После того, что нам уже известно о структуре текста, о том, что отсутствие выраженности того или иного элемента в знаках данного уровня еще не обязательно означает перерыв в тексте (для решения данного вопроса необходимо установить, что соответствует этому участку в структурах других уровней), делается ясно, что понятие текста не абсолютно. Оно соотнесено с целым рядом других сопутствующих историко-культурных и психологических структур.
Мы можем рассматривать в качестве текста отдельное стихотворение из поэтического цикла. Тогда отношение его к циклу будет внетекстовым. Это отношение текста к внешним структурам. Однако единство организации цикла позволяет нам рассматривать на определенном уровне и его в качестве текста. Равным образом мы можем представить себе подход, при котором в качестве текста будут восприниматься все произведения данного автора за какой-либо четко выделенный отрезок времени («Болдинское творчество Пушкина», «Статьи Белинского в „Современнике"», «Крымские сонеты Мицкевича», «Голубой и розовый Пикассо»), произведения определенного, улавливаемого нами единства (стилевого, тематического и т. п.). Возможны, наконец, тексты типа: «Творчество Шекспира», «Художественное наследие Древней Греции», «Английская литература» и, как предельное обобщение, «Искусство человечества». Против утверждения о том, что любое из названных понятий может быть рассмотрено как текст, по сути, никакого строгого возражения выдвинуть невозможно.
|
|
Можно было бы привести много примеров, когда, созданные как отдельные произведения, тексты в дальнейшем функционировали как части более обширного текста того же автора, других авторов или анонимного.
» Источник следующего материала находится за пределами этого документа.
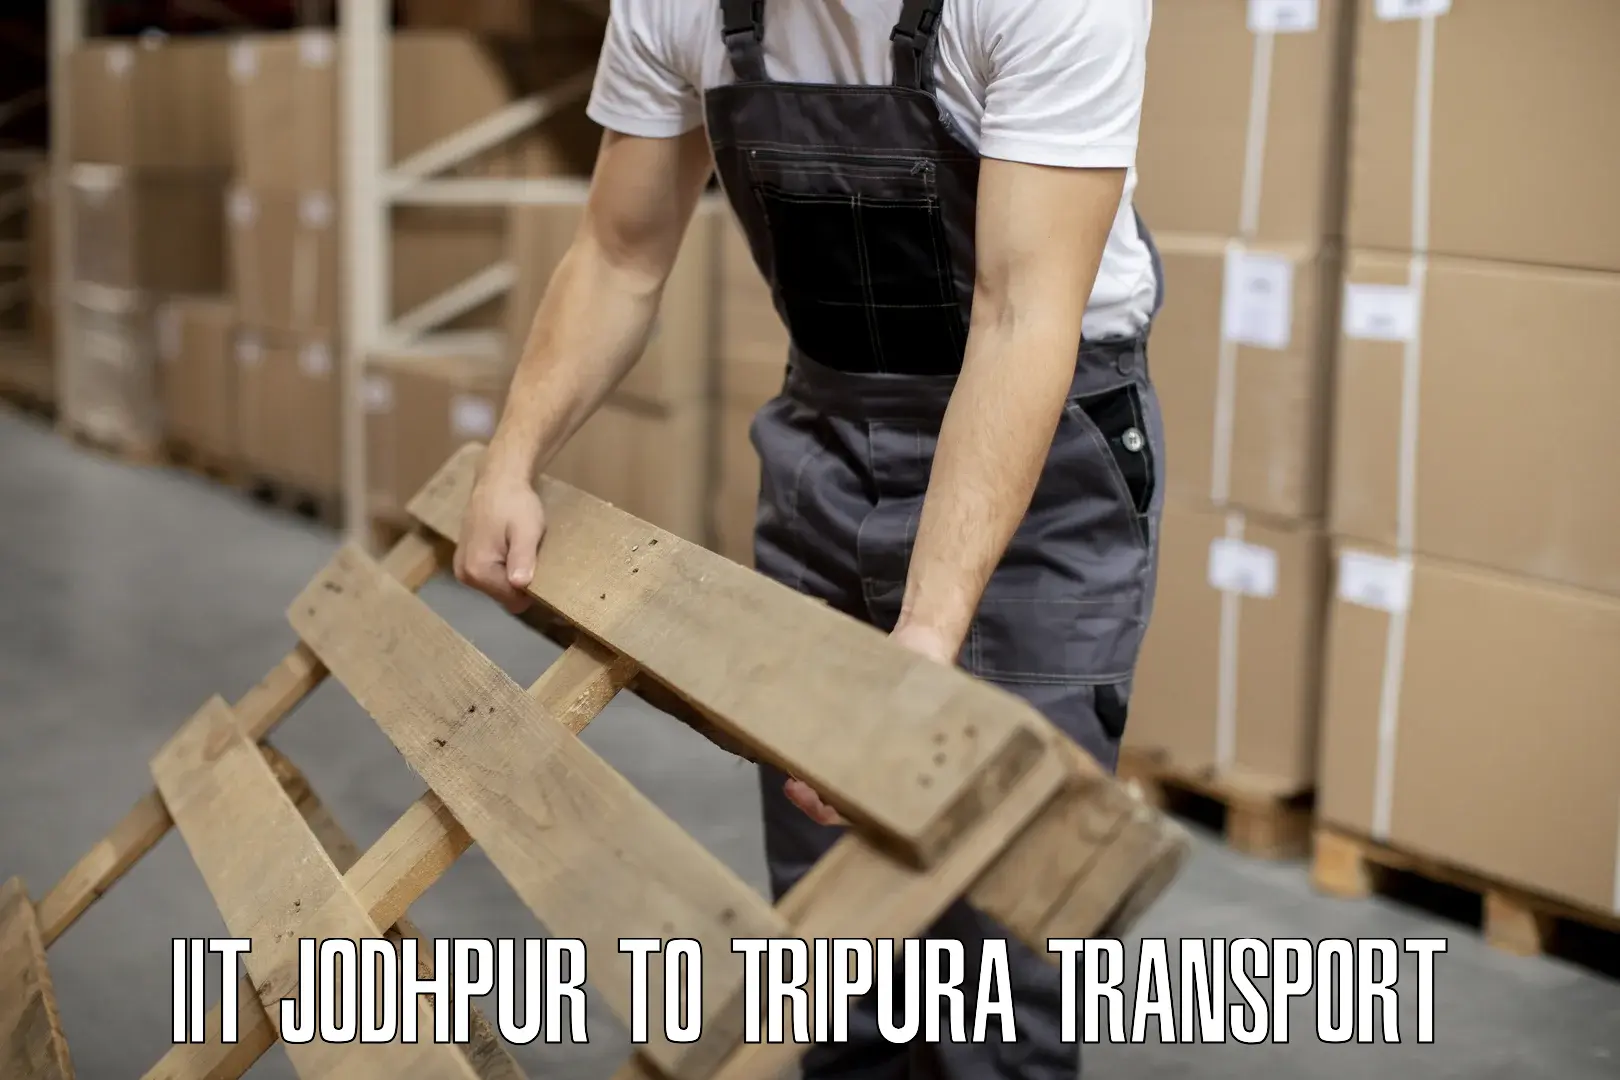 Daily transport service IIT Jodhpur to Tripura
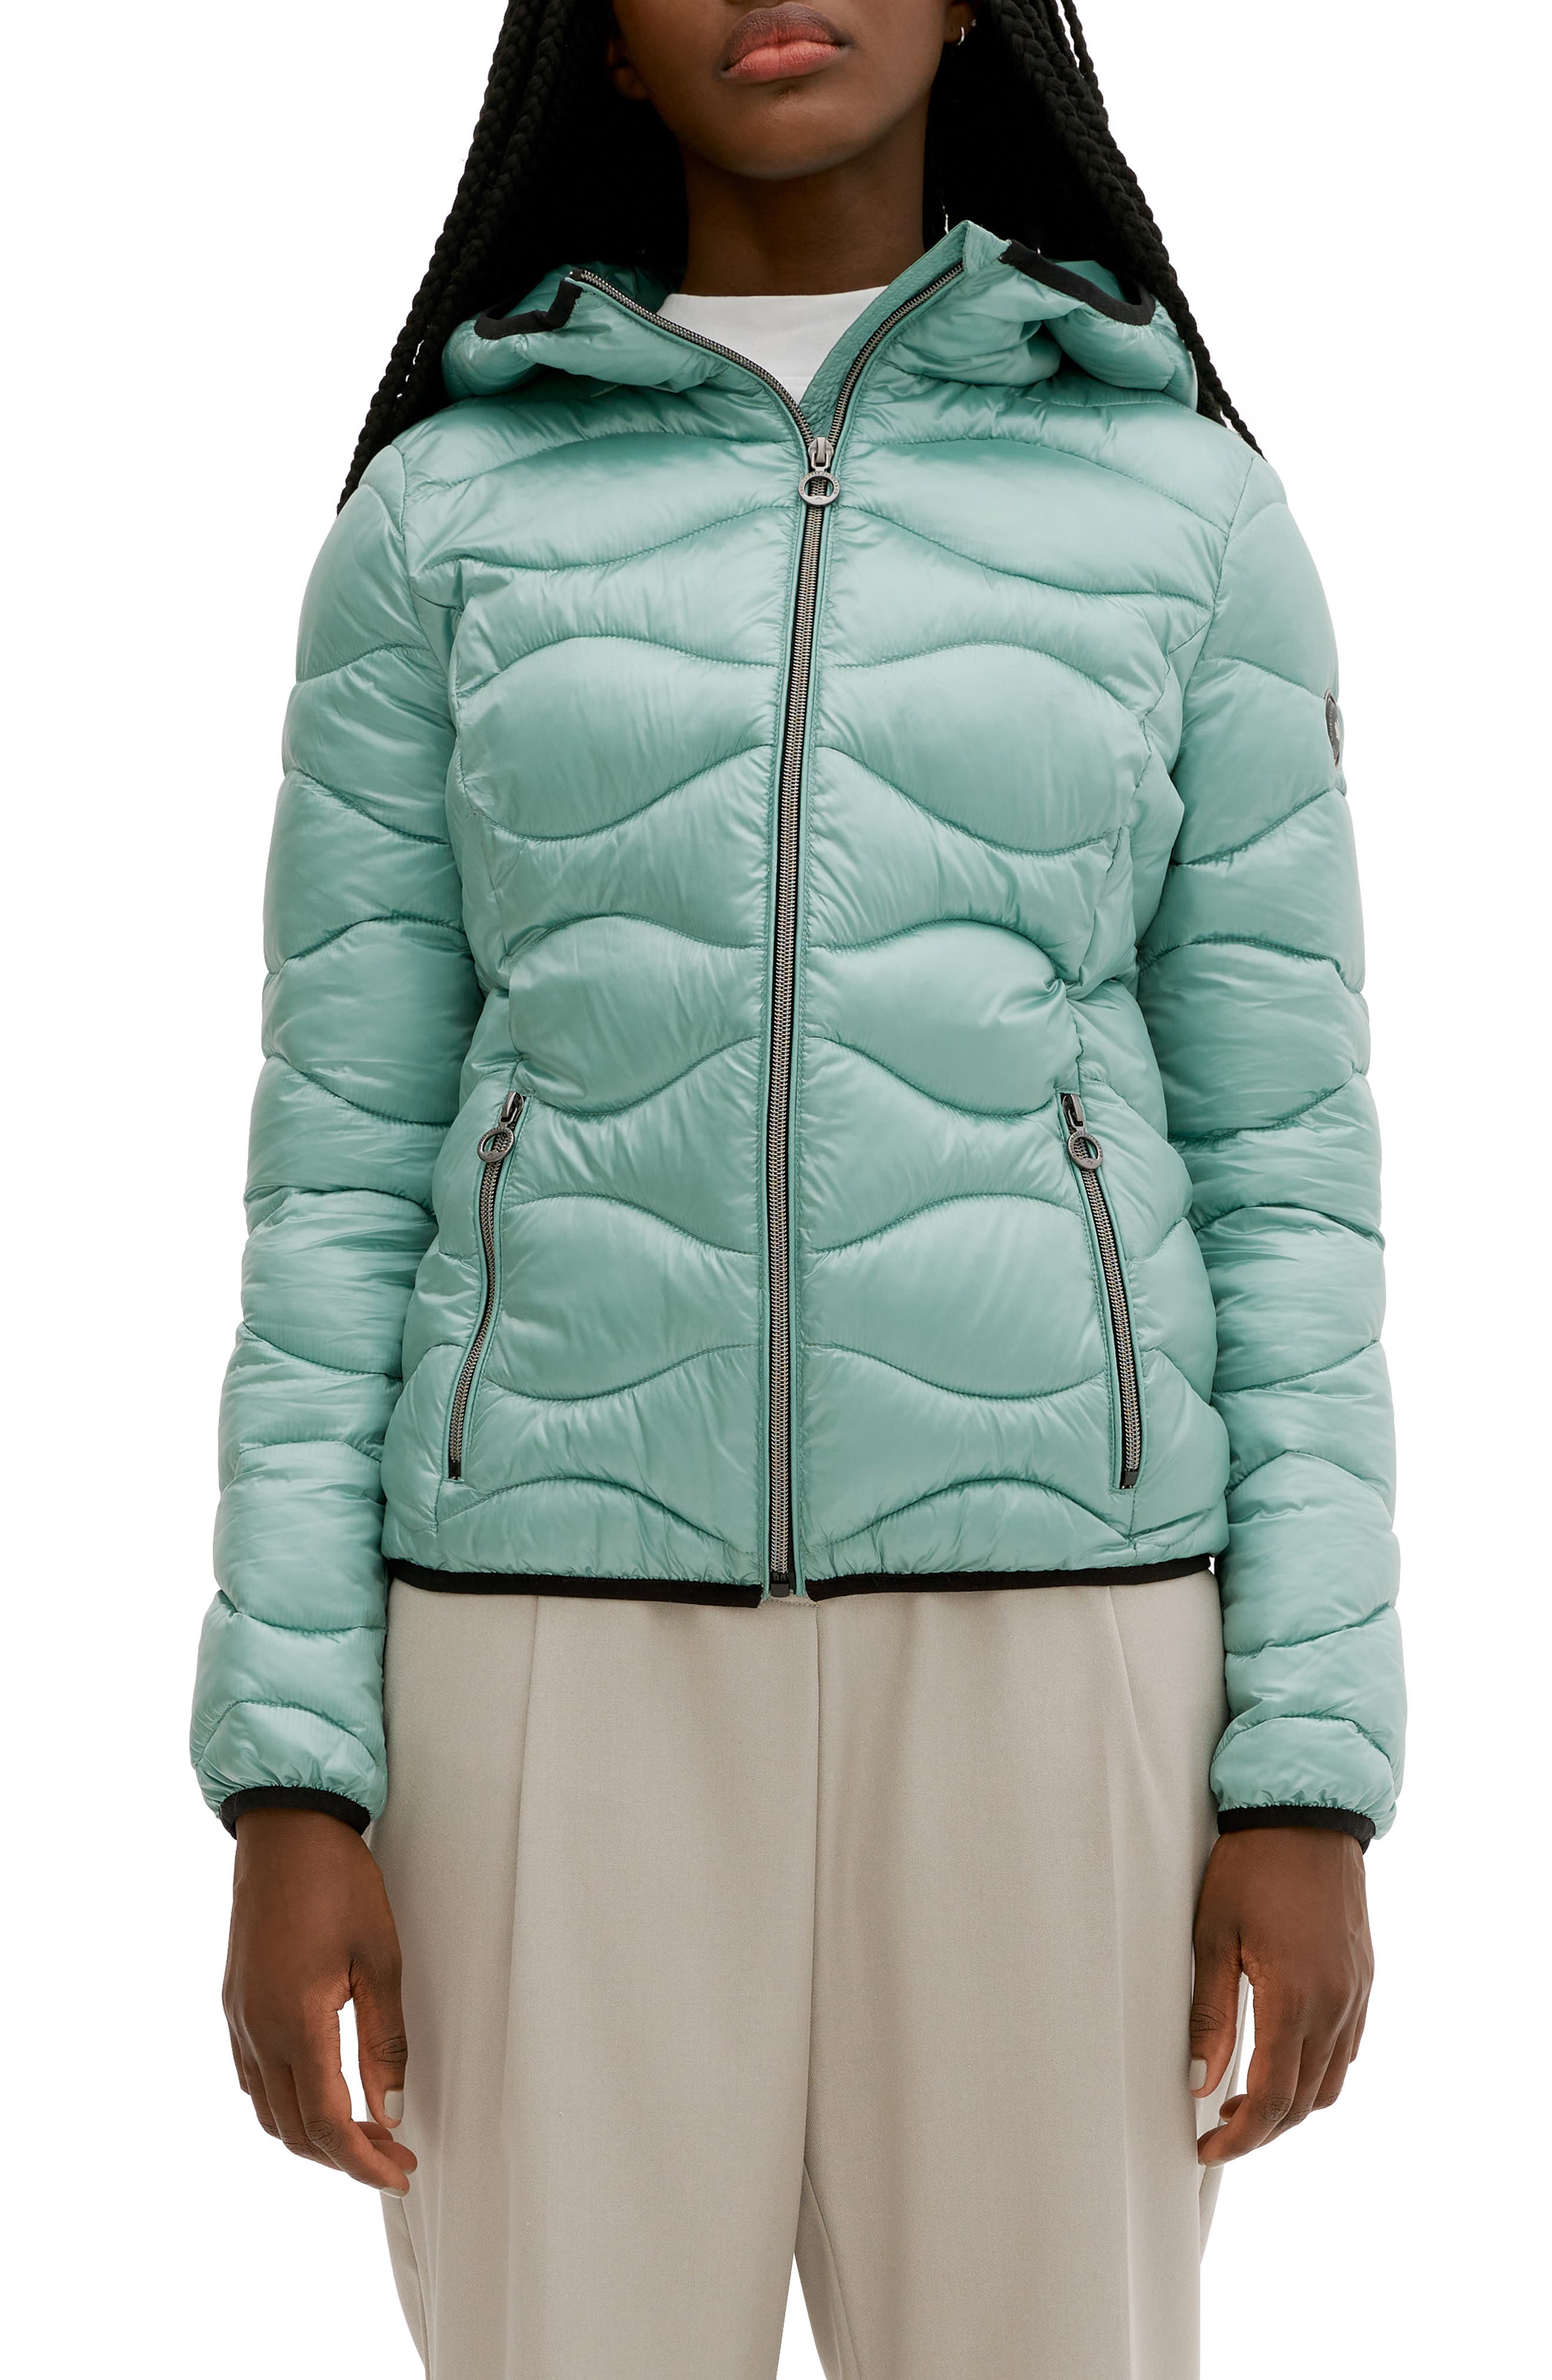 Size 18 20 New Ladies Quilted Padded Zip Popper Jacket Women's Coat Aqua

В фольклоре это происходит постоянно. Главы «Героя нашего времени» первоначально не только создавались, но и печатались как отдельные повести, однако потом превратились (в первом отдельном издании) даже не в цикл повестей, а в роман. Главы «Евгения Онегина» или «Василия Теркина» для современников, читавших их в отдельных публикациях (они выходили порой с большими хронологическими перерывами), обладали, конечно, большей самостоятельностью, чем для последующих читателей, держащих в руках единую книгу с общим заглавием и сквозной нумерацией глав и страниц. В этом смысле публикация романа в журналах или даже газетах определенными текстовыми порциями с пометкой «продолжение следует», конечно, порождает особое чувство текста. Вряд ли можно спорить, что в этом случае возможно двойное соотнесение текста: глава романа – часть романа и глава романа – часть структурного и идейного единства книжки журнала. Но если оба эти представления возможны, то все же нельзя не признать, что под текстом здесь будут разуметься различные вещи.
|
|
Но не менее известны случаи, когда часть текста функционирует как самостоятельная, вполне автономная художественная единица. Укажем хотя бы на пример «Манон Леско». Ю. Н. Тынянов вычленил из огромной и трудночитаемой поэмы Кюхельбекера «Давид» и опубликовал в качестве отдельного стихотворения «Плач Давида по Ионафану» и тем самым создал замечательное произведение, один из лучших памятников русской политической лирики первой половины XIX в., прекратить самостоятельное существование которого, «запихав» его обратно в поэму, уже невозможно.
Однако спор: «текст или часть текста» – совсем не схоластический спор о словах. Недоумение, которое возникло у современников: «Остров Борнгольм» Карамзина – повесть или часть повести? – определялось разницей идейно-эстетических позиций и само по себе означало различное понимание смысла и характера произведения. Вряд ли можно считать праздным вопросом такой: первый том «Мертвых душ» – произведение или часть произведения? Для Белинского чрезвычайно существенным было, чтобы публика восприняла его как отдельный, законченный текст, но для Гоголя произведение в этом случае страшно обеднялось.
Когда Николай I выразил пожелание, чтобы А. А. Иванов «дополнил» «Явление Мессии» второй картиной в pendant «Крещение русских в Днепре», он, исходя и из определенных идейных соображений, и из привитого казарменной симметрией убеждения в том, что на стенах должны висеть «парные» украшения, рассматривал картину как часть текста. Но для Иванова этот момент духовного преображения человечества, превращение эллина и иудея, раба и патриция – в братьев был целостным текстом и никаким pendant дополнен быть не мог.
Таким образом, мы подходим к выводу: необходимо учитывать возможную разницу между тем, что автор понимает под текстом, что воспринимает его аудитория в качестве первичной художественной целостности и, наконец, точкой зрения исследователя, воспринимающего текст как некую полезную абстракцию художественного единства.